Kim Minseung, Zorraquino Violeta, Tagkopoulos Ilias
Department of Computer Science, University of California, Davis, Davis, California, United States of America; UC Davis Genome Center, University of California, Davis, Davis, California, United States of America.
UC Davis Genome Center, University of California, Davis, Davis, California, United States of America.
PLoS Comput Biol. 2015 Mar 16;11(3):e1004127. doi: 10.1371/journal.pcbi.1004127. eCollection 2015 Mar.

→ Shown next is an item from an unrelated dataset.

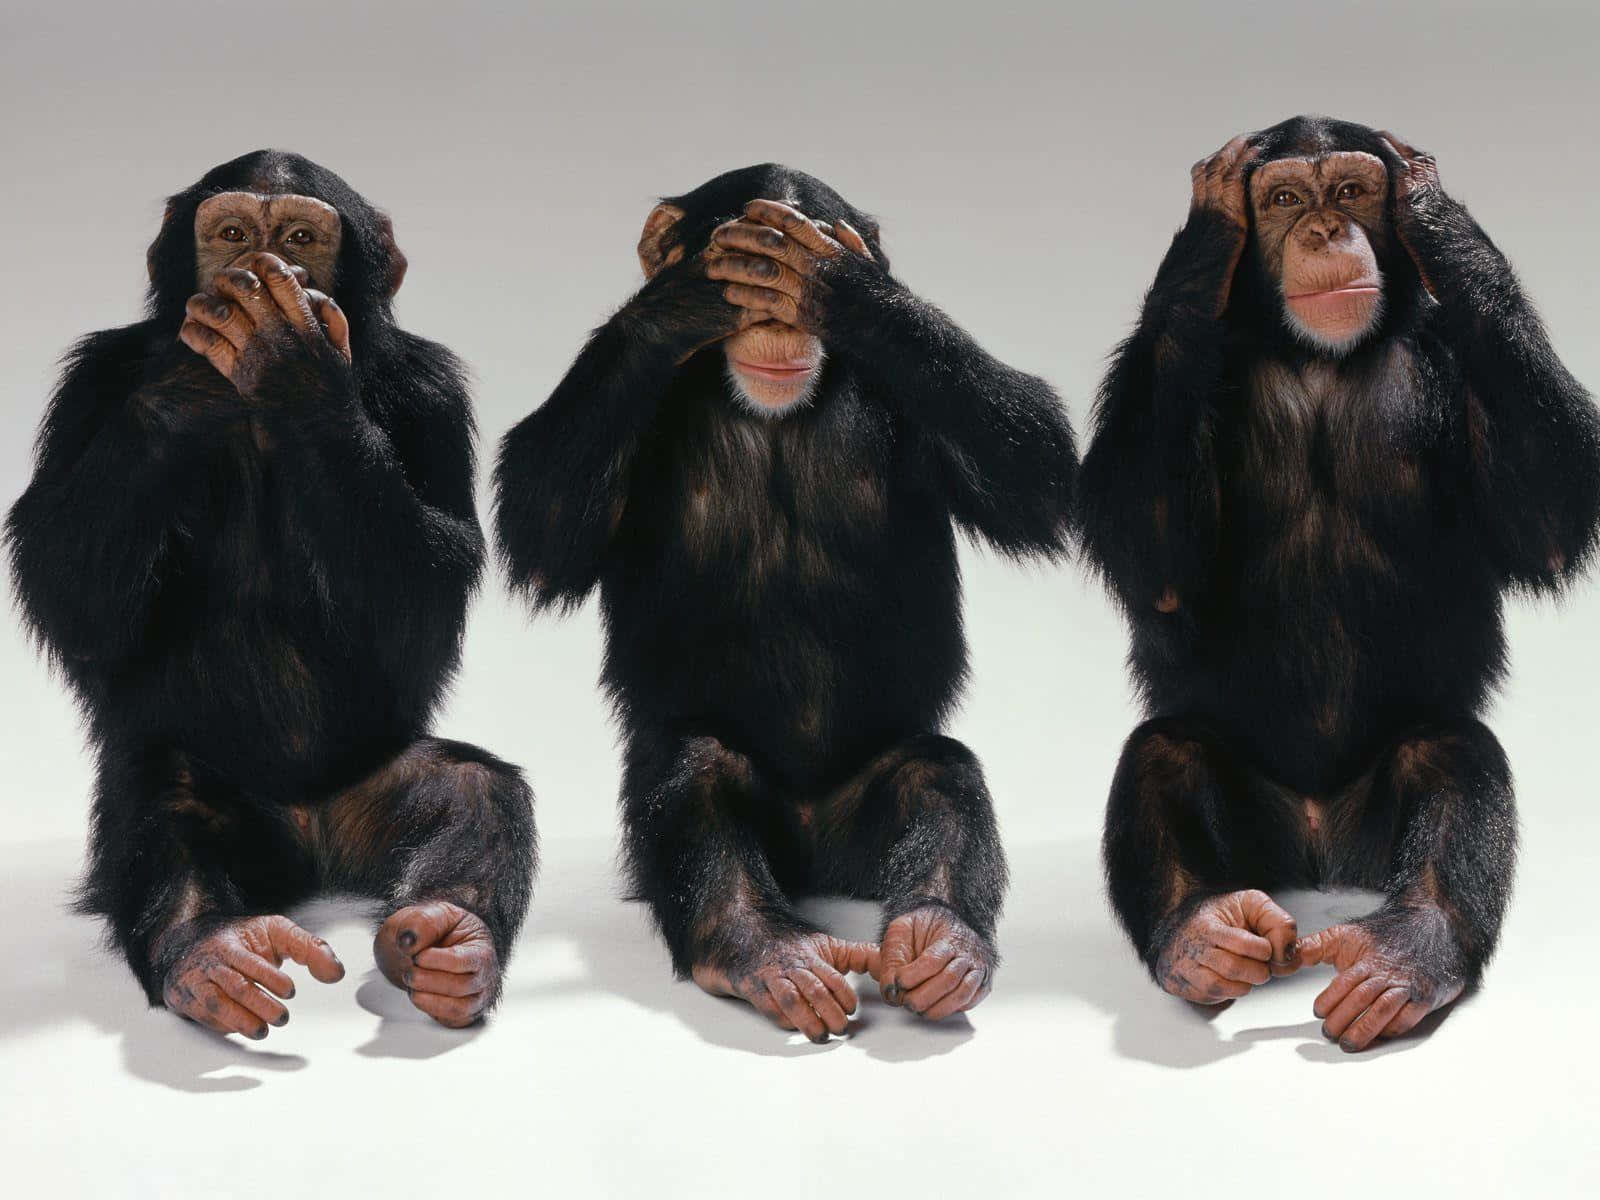 Three Chimpanzees With Their Hands Covering Their Eyes
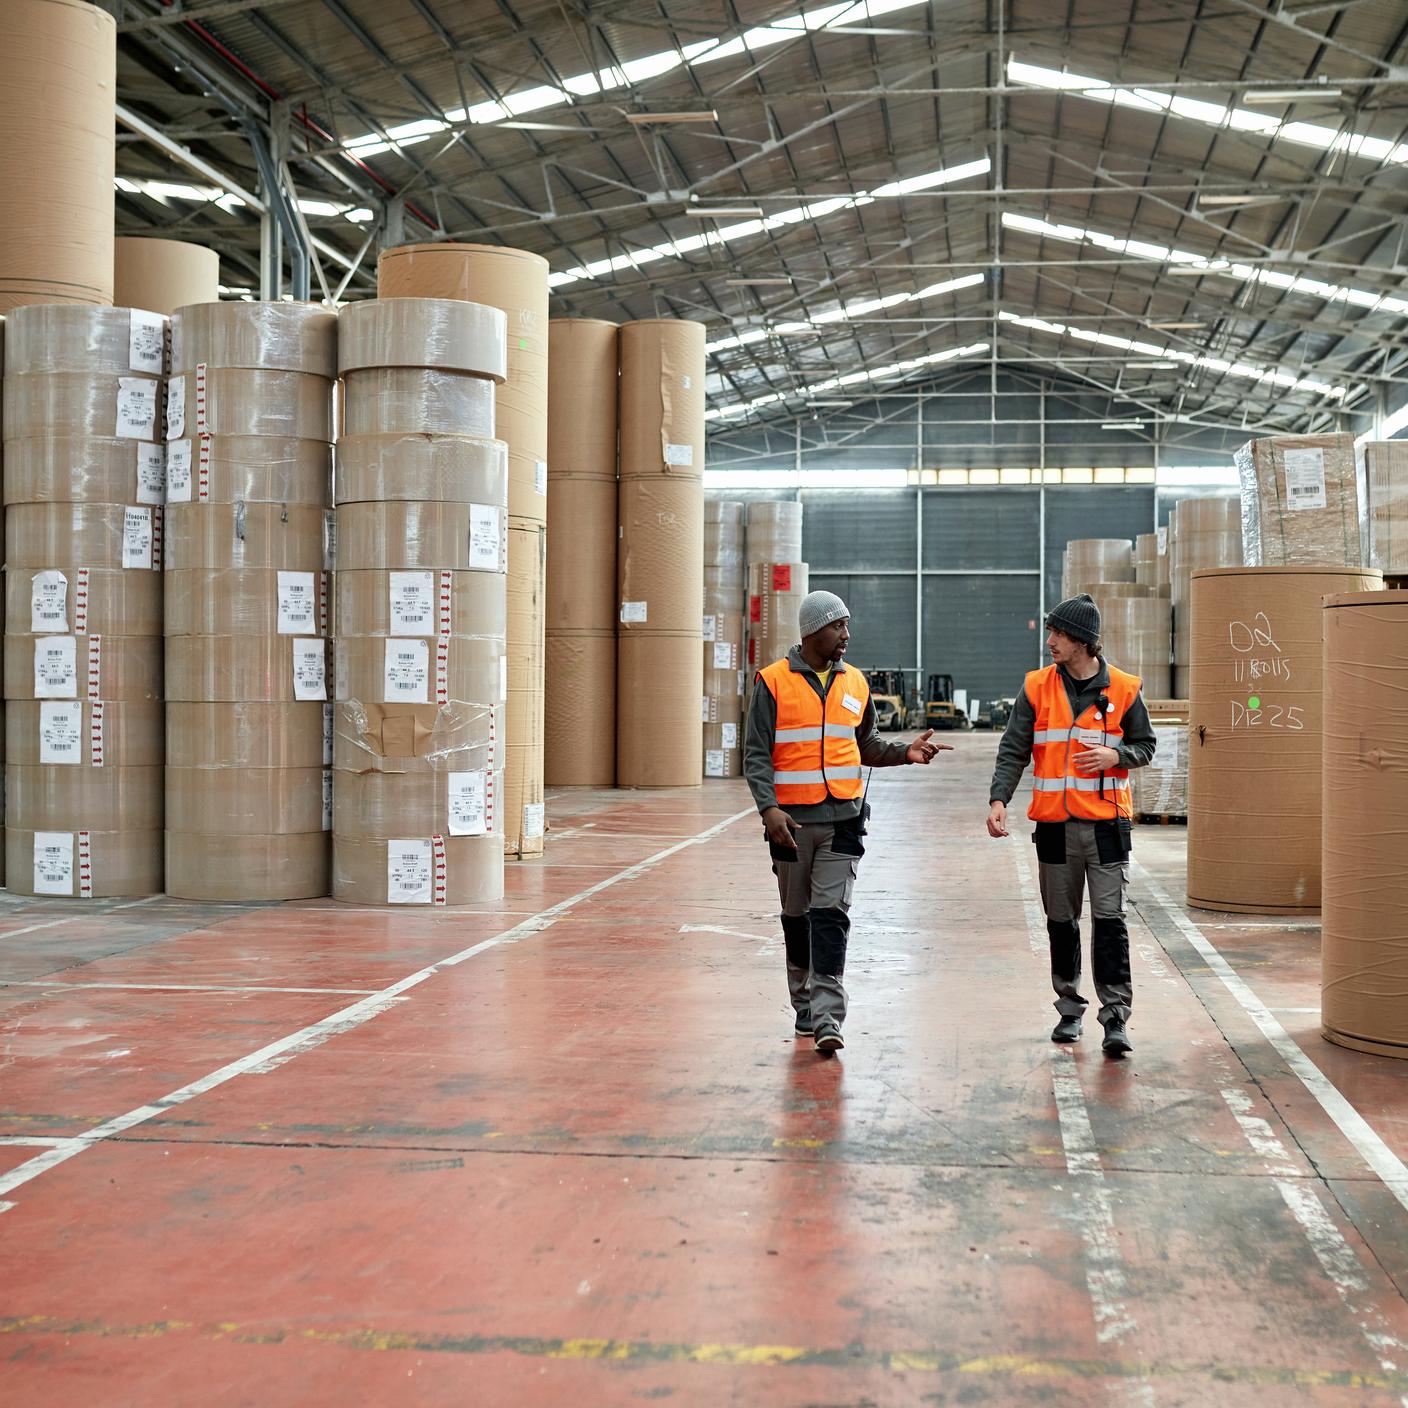 members of a trade association - two people walk towards camera in distribution center

A tantalizing question in cellular physiology is whether the cellular state and environmental conditions can be inferred by the expression signature of an organism. To investigate this relationship, we created an extensive normalized gene expression compendium for the bacterium Escherichia coli that was further enriched with meta-information through an iterative learning procedure. We then constructed an ensemble method to predict environmental and cellular state, including strain, growth phase, medium, oxygen level, antibiotic and carbon source presence. Results show that gene expression is an excellent predictor of environmental structure, with multi-class ensemble models achieving balanced accuracy between 70.0% (±3.5%) to 98.3% (±2.3%) for the various characteristics. Interestingly, this performance can be significantly boosted when environmental and strain characteristics are simultaneously considered, as a composite classifier that captures the inter-dependencies of three characteristics (medium, phase and strain) achieved 10.6% (±1.0%) higher performance than any individual models. Contrary to expectations, only 59% of the top informative genes were also identified as differentially expressed under the respective conditions. Functional analysis of the respective genetic signatures implicates a wide spectrum of Gene Ontology terms and KEGG pathways with condition-specific information content, including iron transport, transferases, and enterobactin synthesis. Further experimental phenotypic-to-genotypic mapping that we conducted for knock-out mutants argues for the information content of top-ranked genes. This work demonstrates the degree at which genome-scale transcriptional information can be predictive of latent, heterogeneous and seemingly disparate phenotypic and environmental characteristics, with far-reaching applications.
细胞生理学中一个引人入胜的问题是,生物体的表达特征是否能够推断细胞状态和环境条件。为了研究这种关系,我们为大肠杆菌创建了一个广泛的标准化基因表达汇编,并通过迭代学习过程进一步丰富了元信息。然后,我们构建了一种集成方法来预测环境和细胞状态,包括菌株、生长阶段、培养基、氧气水平、抗生素和碳源的存在情况。结果表明,基因表达是环境结构的优秀预测指标,多类集成模型对各种特征的平衡准确率在70.0%(±3.5%)至98.3%(±2.3%)之间。有趣的是,当同时考虑环境和菌株特征时,这种性能可以显著提高,因为一个捕捉三种特征(培养基、生长阶段和菌株)相互依赖关系的复合分类器比任何单个模型的性能高出10.6%(±1.0%)。与预期相反,在各自条件下,只有59%的顶级信息基因也被鉴定为差异表达基因。对各自基因特征的功能分析涉及广泛的基因本体论术语和具有条件特异性信息内容的KEGG途径,包括铁运输、转移酶和肠杆菌素合成。我们对基因敲除突变体进行的进一步实验性表型到基因型映射证明了顶级基因的信息含量。这项工作证明了基因组规模转录信息能够预测潜在的、异质的和看似不同的表型和环境特征的程度,具有深远的应用价值。